BEGIN Record set

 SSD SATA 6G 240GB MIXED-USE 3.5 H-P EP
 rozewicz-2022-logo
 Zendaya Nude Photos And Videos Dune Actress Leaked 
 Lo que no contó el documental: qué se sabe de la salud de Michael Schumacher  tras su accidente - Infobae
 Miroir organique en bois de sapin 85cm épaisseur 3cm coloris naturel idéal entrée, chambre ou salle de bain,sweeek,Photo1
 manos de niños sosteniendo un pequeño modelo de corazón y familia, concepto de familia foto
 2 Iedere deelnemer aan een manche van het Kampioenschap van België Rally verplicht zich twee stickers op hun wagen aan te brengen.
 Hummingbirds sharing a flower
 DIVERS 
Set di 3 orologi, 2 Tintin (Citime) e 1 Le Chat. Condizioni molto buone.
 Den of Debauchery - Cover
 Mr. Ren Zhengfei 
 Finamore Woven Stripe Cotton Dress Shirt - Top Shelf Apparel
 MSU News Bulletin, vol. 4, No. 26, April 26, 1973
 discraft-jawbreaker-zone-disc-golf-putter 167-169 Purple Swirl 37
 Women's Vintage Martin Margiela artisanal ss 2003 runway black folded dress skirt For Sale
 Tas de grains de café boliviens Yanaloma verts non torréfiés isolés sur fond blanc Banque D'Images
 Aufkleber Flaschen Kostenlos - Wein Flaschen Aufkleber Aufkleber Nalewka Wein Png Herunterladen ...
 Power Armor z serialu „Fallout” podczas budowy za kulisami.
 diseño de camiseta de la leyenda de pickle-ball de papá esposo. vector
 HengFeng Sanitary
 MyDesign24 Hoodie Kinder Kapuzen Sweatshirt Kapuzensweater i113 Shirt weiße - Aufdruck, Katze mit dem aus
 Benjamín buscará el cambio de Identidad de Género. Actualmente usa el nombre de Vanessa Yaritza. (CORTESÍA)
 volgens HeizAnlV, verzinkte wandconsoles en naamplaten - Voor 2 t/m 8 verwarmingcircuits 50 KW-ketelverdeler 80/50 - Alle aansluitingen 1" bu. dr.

END Record set

- [Problem]
Return the entries exactly through the "Lo que no contó" line.

- [Solution to this task]
 SSD SATA 6G 240GB MIXED-USE 3.5 H-P EP
 rozewicz-2022-logo
 Zendaya Nude Photos And Videos Dune Actress Leaked 
 Lo que no contó el documental: qué se sabe de la salud de Michael Schumacher  tras su accidente - Infobae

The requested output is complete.